If you look at the 4.6 billion history of Earth, the majority of the Earth's history has been in warm periods, rather than cool periods like we have now (see Robert Strom's Hot House). The Earth is currently in a 10000 year period of stable cool weather, which has permitted the rise of modern agriculture and civilizations. If the Earth slips into a warmer climate, it is very likely that human civilization will collapse.

The Earth has experienced 5 major die-offs in its history which were caused by climate change. It is very likely that we will provoke the destruction of the majority of species on this planet if we change the climate.

Even if we don't kill off most of the species, we will make it very hard for our grains like corn and wheat to grow, so we will likely experience mass starvation. One study studied the effect of adding extra CO2 and ground-level ozone (caused by burning fossil fuels) to crops and found that that these gasses cause weeds to grow faster, but retard the growth of grains. The study predicts that we will have 20% lower yields per hectare by mid-century and 30% lower yields in China. (See chapter 2 of George Monbiot's Heat for reference to this study.)

Considering the fact that we will have 9 billion people on the planet to feed by mid-century and vast swathes of land in Northern China, Australia, the US Southwest and Subsaharan Africa are turning into infertile desert, it is highly likely that we will have massive food shortages.

At the same time, the extra CO2 in the atmosphere is entering the oceans, creating carbonic acid which eats away the microscopic shells on phytoplankton, destroying the ocean's food chain. Most of the fish will be gone by mid-century, meaning that humanity has to search for another source of protein.

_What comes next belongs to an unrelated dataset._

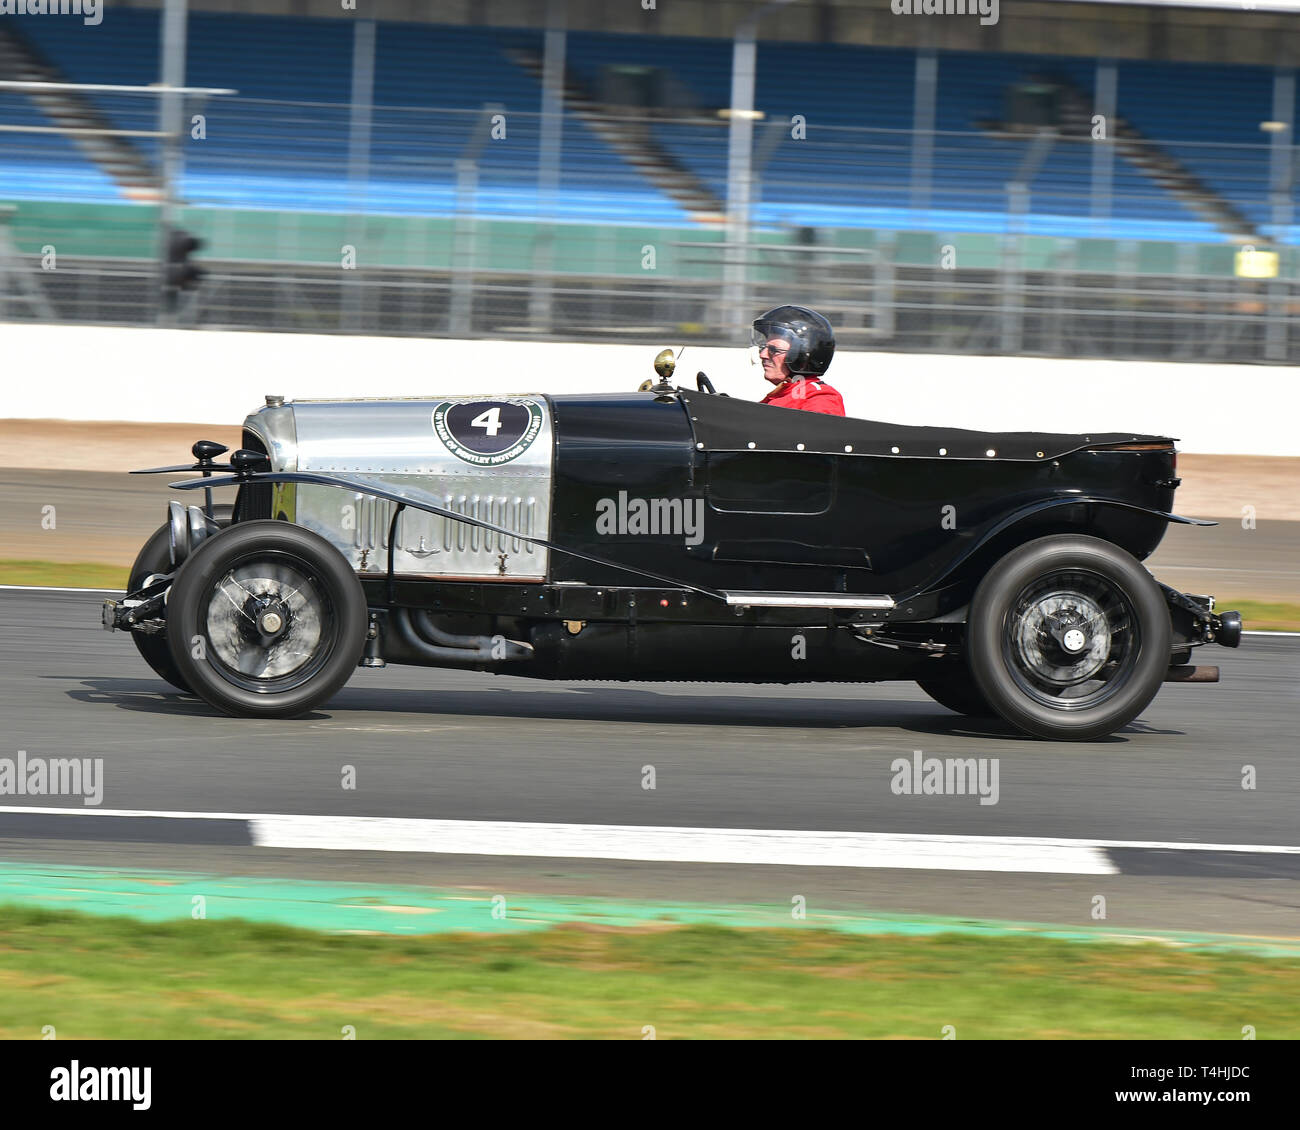 William Elbourn Jnr, Bentley 3-4½ litre Light Tourer, Benjafield 100, 100 Years of Bentley, April 2019,  Silverstone, Northamptonshire, England, circu - Stock Image

Finally, the glaciers will be mostly gone by mid-century, meaning that the fresh water sources for most Asian rivers (Ganges, Mekong, Yellow, Yang-tse, Indus, etc) will dry up, ending the wet-rice cultivation that currently feeds 2 billion Asians. Likewise, the Andean glaciers and the entire Amazonian basin will dry up, converting into a desert or dry plain.

All of these things will probably happen due to climate change and it isn't something to flippantly joke about if you care about the future of humanity.